Brecht: The biggest issue for CMS is having the ability (access and resources) to identify Medicare Advantage overpayments. CMS lacks the resources to monitor the underlying patient records that support (or expose the lack of foundation for) risk adjustment scores. The biggest issue for MAOs is probably convincing their shareholders or Boards to dedicate significant resources to robust auditing and, where appropriate, self-reporting of overpayments.

WK: Will the introduction of recovery audit contractors (RACs) to identify overpayments improve CMS ability to recover Medicare Advantage overpayments? If so, in what ways? If not, why not?
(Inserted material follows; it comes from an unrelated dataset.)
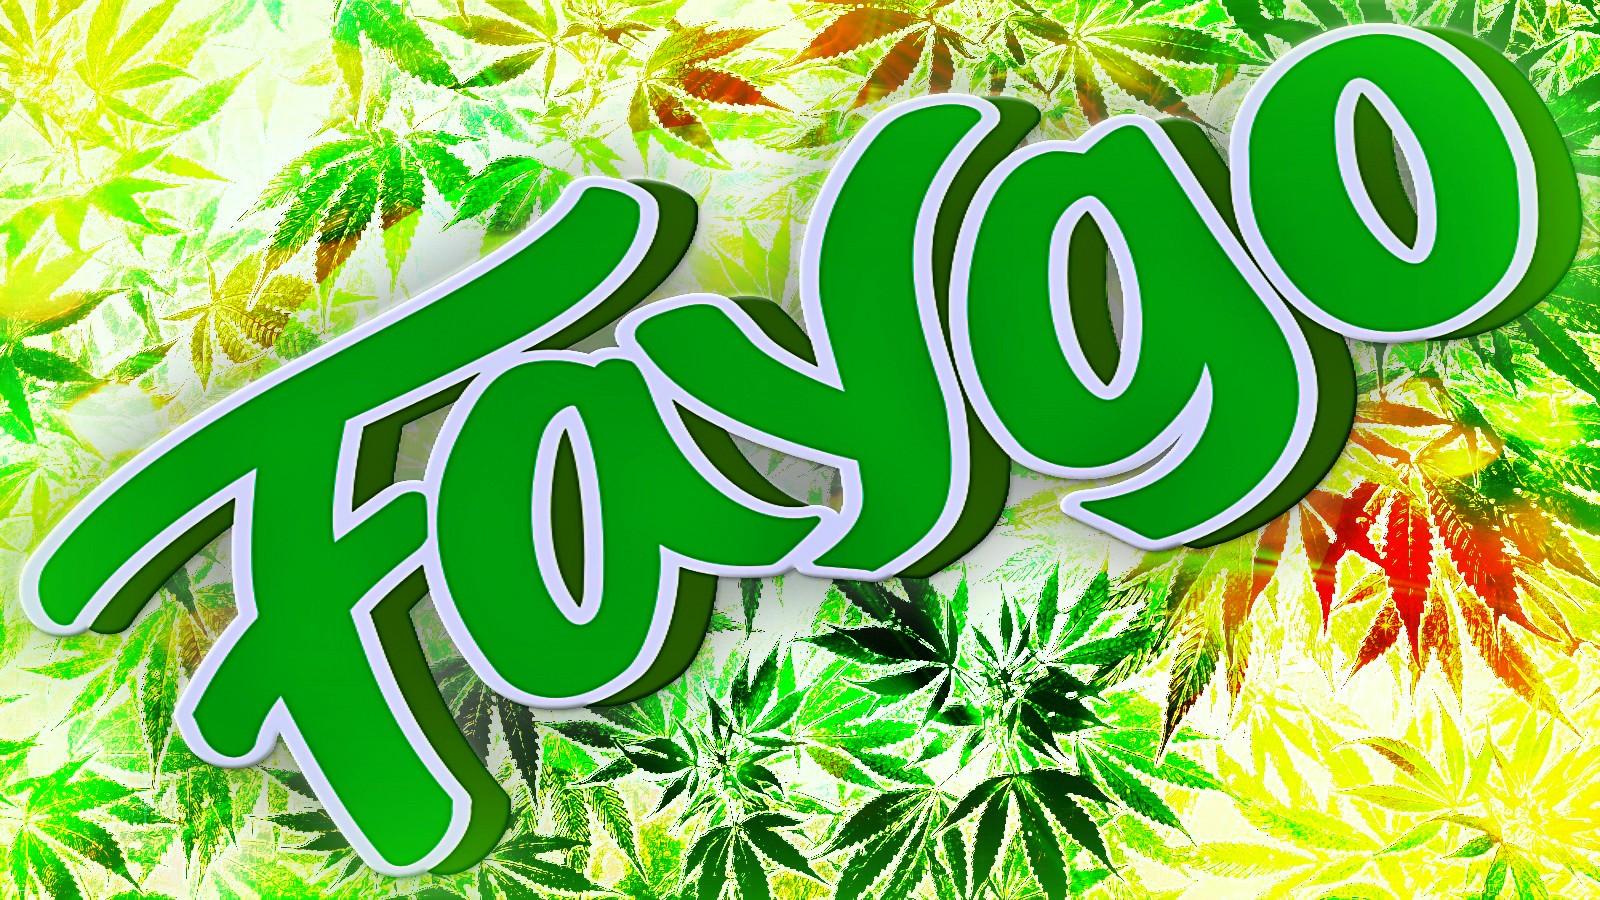 Faygo Juggalo Cannabis Green Yellow

Brecht: There are two types of audits: comprehensive audits that involve all patients and HCCs in an MAO contract, and condition-specific audits, which involve focused documentation reviews for specific HCCs. The need for the second type of audit can be determined by analyzing upticks in HCCs submitted to CMS by MAOs in a particular region or health care system. CMS can then focus on certain conditions associated with suspected overpayments. There are challenges to CMS’ ability to recover identified overpayments, as evidenced by the paucity of CMS’ recovery ($3.4 million) when compared to the potential overpayments for 2007 alone ($128 million). Thus, RACs can assist in identifying overpayments, particularly when there are spikes in specific diagnoses/HCCs, and when on closer review, these diagnoses are not supported by patient records. However, first, CMS must be committed to funding robust RAC audits, and second, to actually recouping these funds from MAOs. The most recent intervention in the FCA case against United Healthcare certainly sends a strong signal that CMS is taking the issue seriously.
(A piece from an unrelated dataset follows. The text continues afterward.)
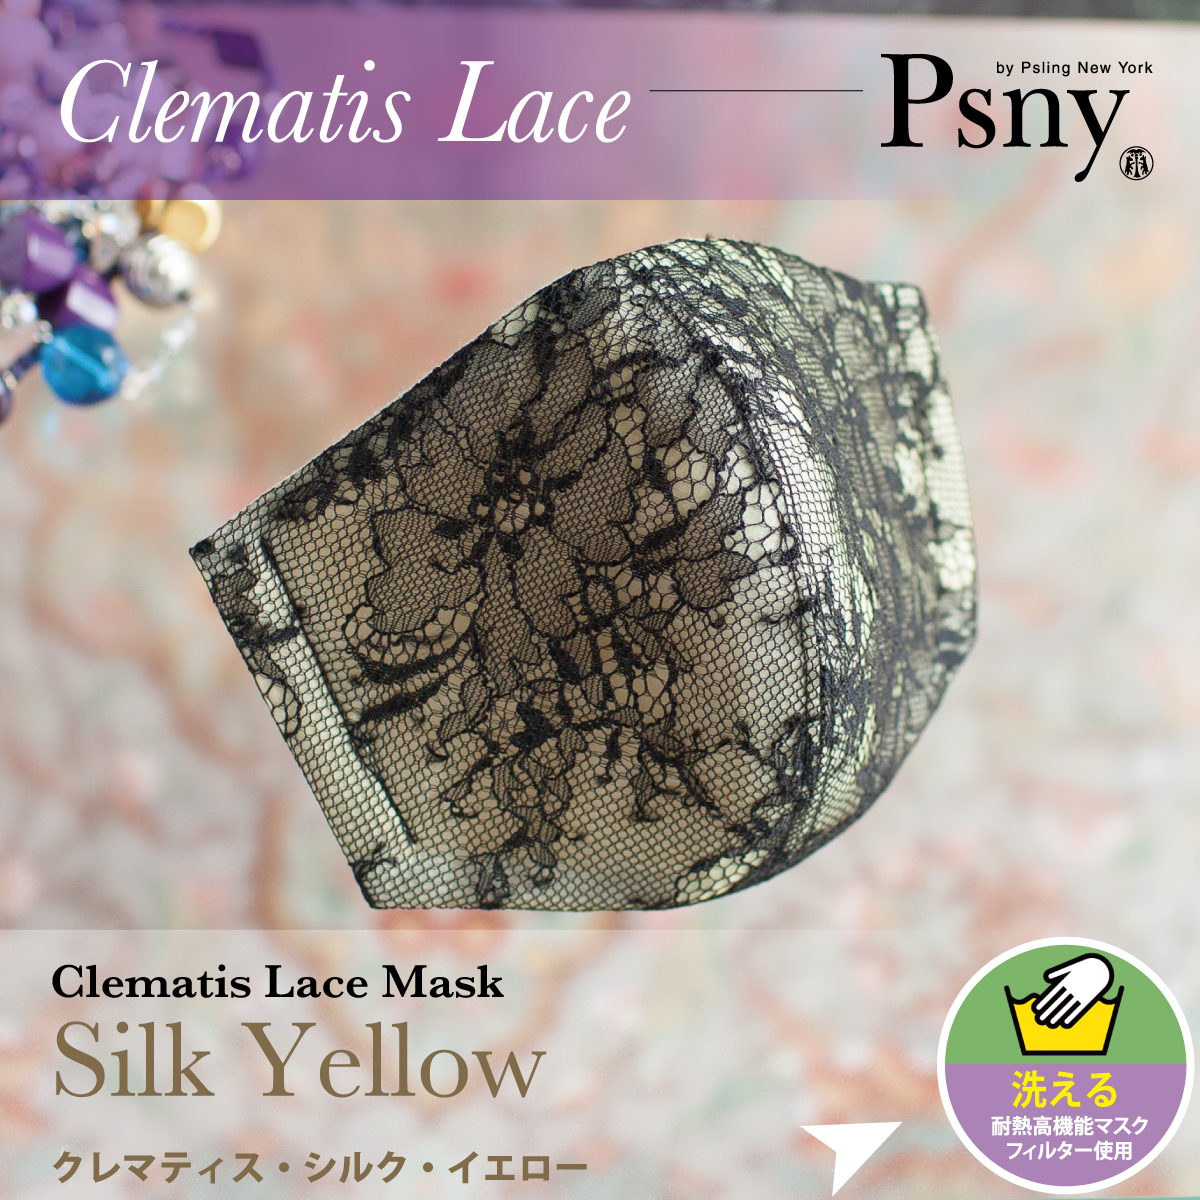 PSNY クレマティス レース イエロー シルク  花粉 黄砂 洗える不織布フィルター入り 立体 大人用 マスク 送料無料 L06

WK: What advice would you give MAOs to avoid overpayments by ensuring that the diagnosis codes submitted to CMS for risk adjustment scores are accurate and supported by medical documentation?

Brecht: MAOs should develop robust compliance and auditing programs geared toward uncovering upcoding for diagnoses that relate to reimbursable HCCs. MAOs also should ensure that they are monitoring the diagnoses submitted by providers. For example, if a provider has a long history with a particular population of patients and, suddenly, those patients are being diagnosed with conditions that lead to higher reimbursements, this should be a signal that an audit of the underlying patient records is in order.

A couple of years ago, while speaking on a panel focused on Medicare managed care fraud, I had suggested that MAOs could issue a notice to patients each time they were given a new diagnosis, with an invitation to the patient to report to the MAO that they are not being treated for that condition. This would be another opportunity for MAOs to ensure that the medical record, the diagnosis, and the treatment are in line with data related to payment that is submitted to CMS. The response I received from an industry consultant was that that was somehow dangerous – for the patient to know precisely what their diagnoses are.

Conclusion

MAOs must provide the sufficient medical documentation to support the diagnoses it submits for CMS to establish risk scores. In addition, they need to develop robust compliance and auditing programs to uncover upcoding for diagnoses before submitting the diagnoses to CMS. If not, MAOs may continue to face challenges from the government and lawsuits alleging FCA violations.

As recommended by the GAO, CMS must be able to ensure that: (1) its risk adjustment process and audits confirm the completeness and accuracy of MAO encounter data; (2) it is performing statistical analyses to detect more complex validity issues; and (3) it is timely reviewing medical records to verify diagnoses and services within the data. Furthermore, as mandated by the ACA, CMS should engage RACs to review MA payments. Finally, CMS must provide assurances that it will recover MAO overpayments.